In [1]:
import pandas as pd
import numpy as np
import psycopg2

from passwords import password

In [2]:
hate_crime_df = pd.read_csv("../Datasets/hate_crime.csv", low_memory=False)
hate_crime_df.columns

Index(['INCIDENT_ID', 'DATA_YEAR', 'ORI', 'PUB_AGENCY_NAME', 'PUB_AGENCY_UNIT',
       'AGENCY_TYPE_NAME', 'STATE_ABBR', 'STATE_NAME', 'DIVISION_NAME',
       'REGION_NAME', 'POPULATION_GROUP_CODE', 'POPULATION_GROUP_DESC',
       'INCIDENT_DATE', 'ADULT_VICTIM_COUNT', 'JUVENILE_VICTIM_COUNT',
       'TOTAL_OFFENDER_COUNT', 'ADULT_OFFENDER_COUNT',
       'JUVENILE_OFFENDER_COUNT', 'OFFENDER_RACE', 'OFFENDER_ETHNICITY',
       'VICTIM_COUNT', 'OFFENSE_NAME', 'TOTAL_INDIVIDUAL_VICTIMS',
       'LOCATION_NAME', 'BIAS_DESC', 'VICTIM_TYPES', 'MULTIPLE_OFFENSE',
       'MULTIPLE_BIAS'],
      dtype='object')

In [3]:
hate_crime_df = hate_crime_df.fillna(np.nan).replace([np.nan], [None])

In [4]:
hate_crime_df["BIAS_DESC"] = hate_crime_df["BIAS_DESC"].str.replace(","," ")
hate_crime_df["OFFENSE_NAME"] = hate_crime_df["OFFENSE_NAME"].str.replace(","," ")
hate_crime_df["POPULATION_GROUP_DESC"] = hate_crime_df["POPULATION_GROUP_DESC"].str.replace(","," ")
hate_crime_df["PUB_AGENCY_UNIT"] = hate_crime_df["PUB_AGENCY_UNIT"].str.replace(","," ")
hate_crime_df["PUB_AGENCY_NAME"] = hate_crime_df["PUB_AGENCY_NAME"].str.replace(","," ")

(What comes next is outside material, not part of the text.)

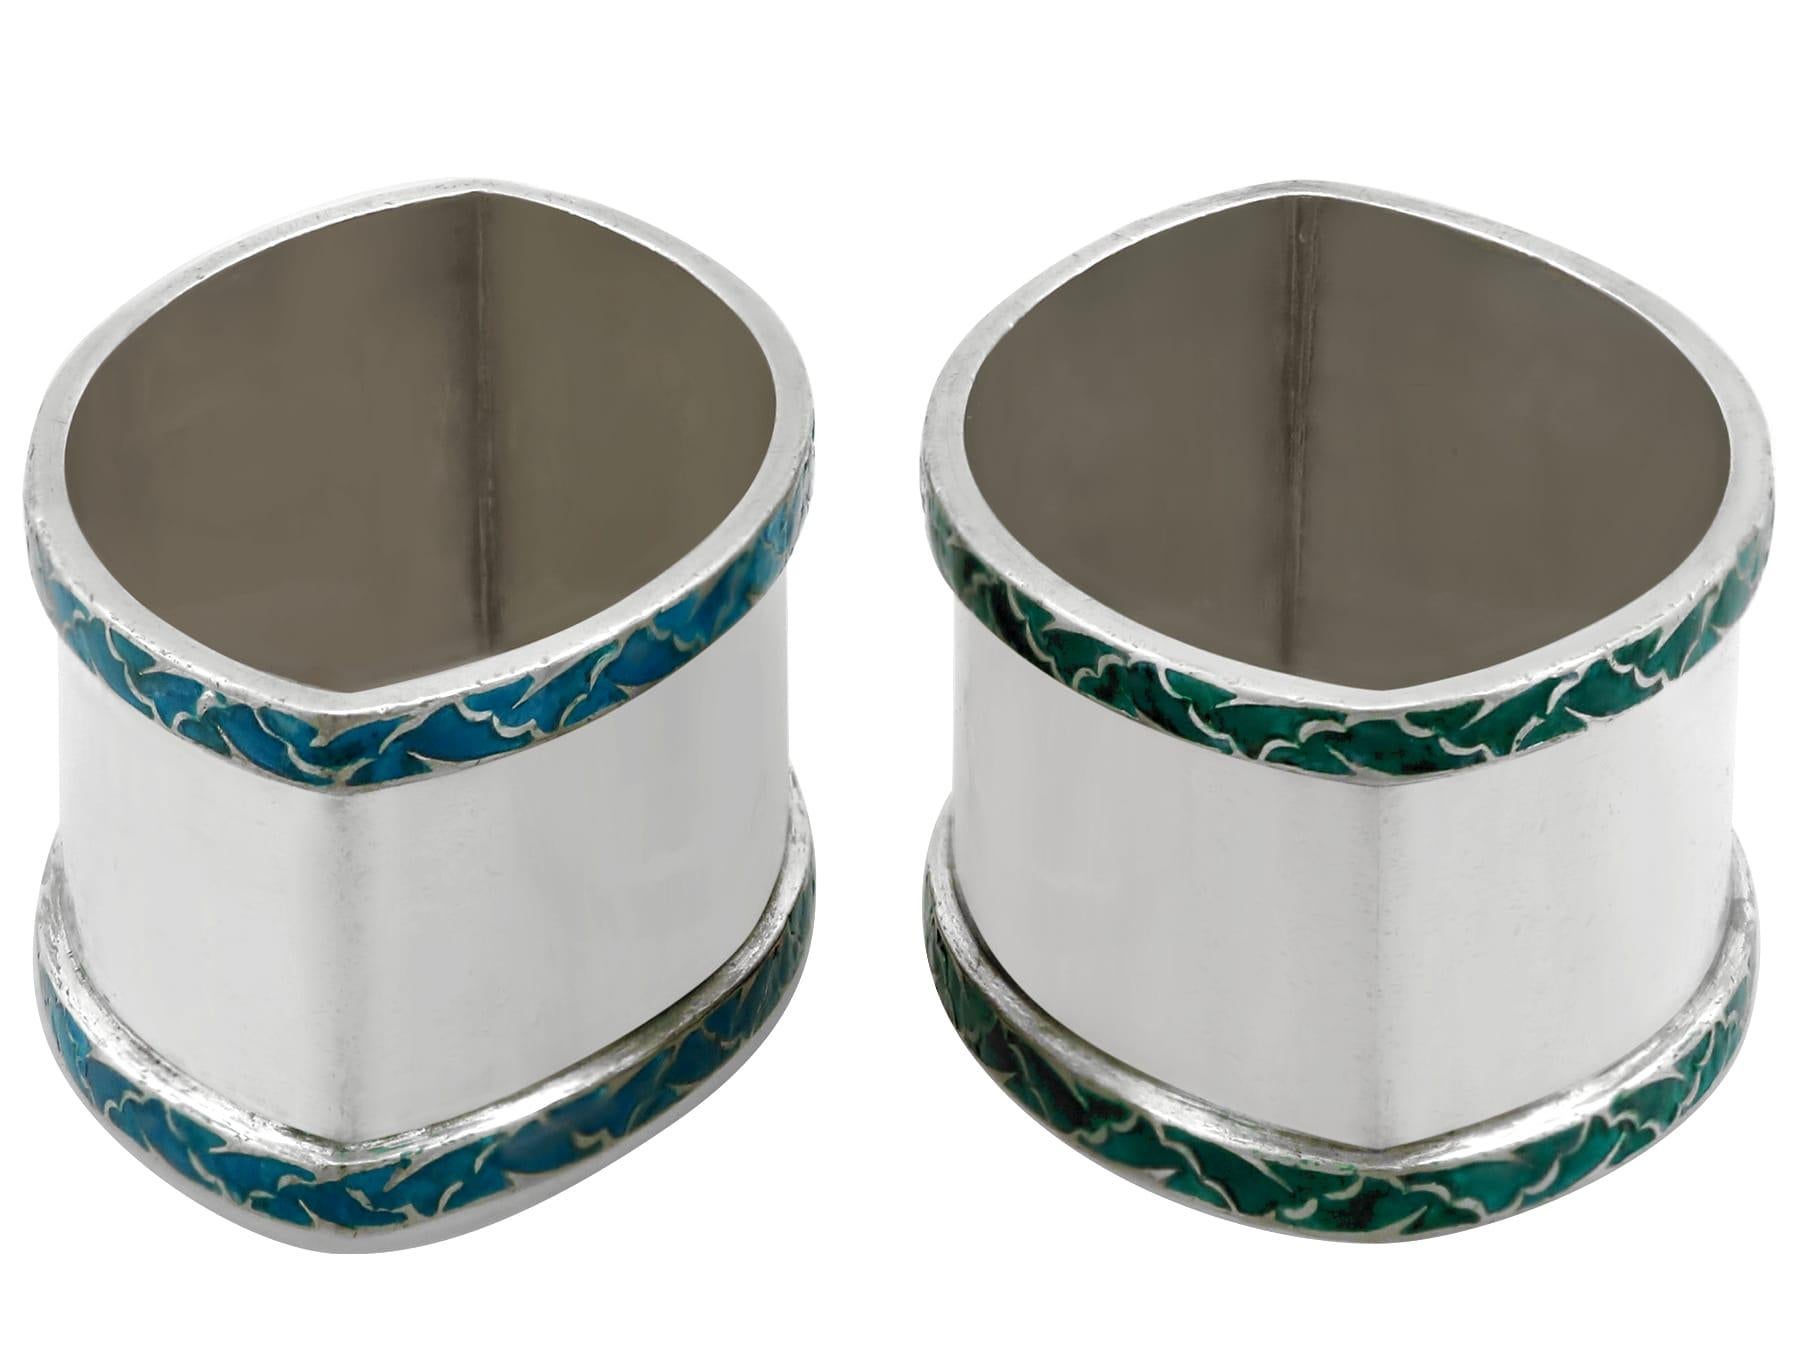 Sterling Silver and Enamel Napkin Rings by Liberty & Co Ltd In Excellent Condition For Sale In Jesmond, Newcastle Upon Tyne

* Creating two seperate dataframes as per the data model for 2 tables.

![Hate_Crime_Data.jpg](attachment:Hate_Crime_Data.jpg)

In [5]:
hc_incident_df = hate_crime_df[['INCIDENT_ID', 'DATA_YEAR',
       'INCIDENT_DATE', 'ADULT_VICTIM_COUNT', 'JUVENILE_VICTIM_COUNT',
       'TOTAL_OFFENDER_COUNT', 'ADULT_OFFENDER_COUNT',
       'JUVENILE_OFFENDER_COUNT', 'OFFENDER_RACE', 'OFFENDER_ETHNICITY',
       'VICTIM_COUNT', 'OFFENSE_NAME', 'TOTAL_INDIVIDUAL_VICTIMS',
       'BIAS_DESC', 'VICTIM_TYPES', 'MULTIPLE_OFFENSE',
       'MULTIPLE_BIAS', 'ORI', 'LOCATION_NAME']]

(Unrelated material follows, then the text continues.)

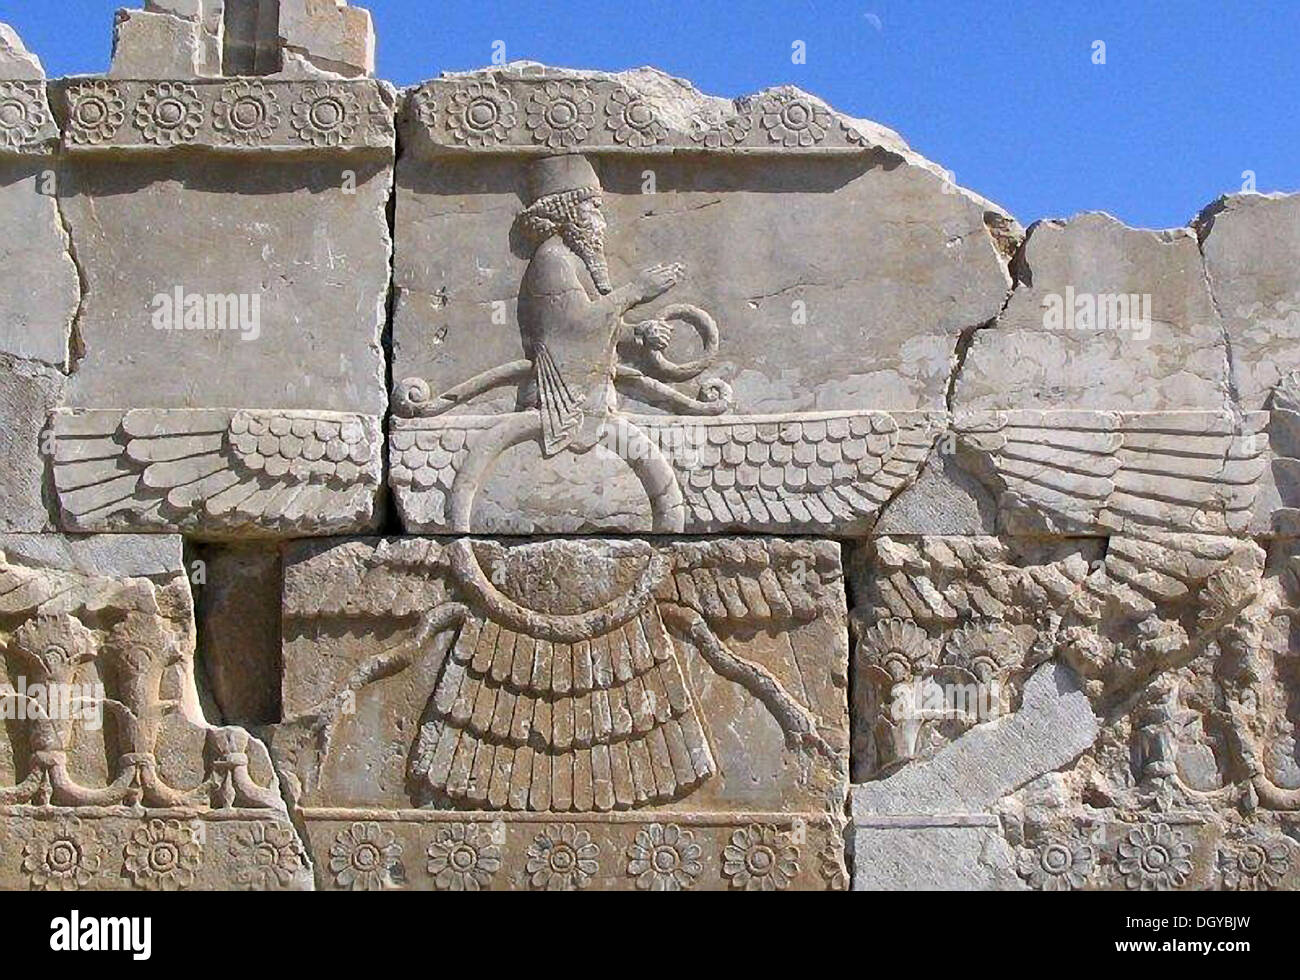 5719. The winged figure represents the God Ahuramazda in a winged disk, the symbol indicates that the authority of the king comes from God. Persepolis. King Darius’ palace, c. 6th. C. BC. Stock Photo

hc_location_df = hate_crime_df[['ORI', 'PUB_AGENCY_NAME', 'PUB_AGENCY_UNIT', 'AGENCY_TYPE_NAME',
       'STATE_ABBR', 'STATE_NAME', 'DIVISION_NAME', 'REGION_NAME',
       'POPULATION_GROUP_CODE', 'POPULATION_GROUP_DESC', 'LOCATION_NAME']]
hc_location_df = hc_location_df.drop_duplicates(subset=['ORI', 'LOCATION_NAME'], keep=False)

In [6]:
display(hc_incident_df.shape)
hc_location_df.shape

(219577, 19)

(23299, 11)

In [7]:
hc_incident_df.to_csv("incident.csv", index=False)
hc_location_df.to_csv("location.csv", index=False)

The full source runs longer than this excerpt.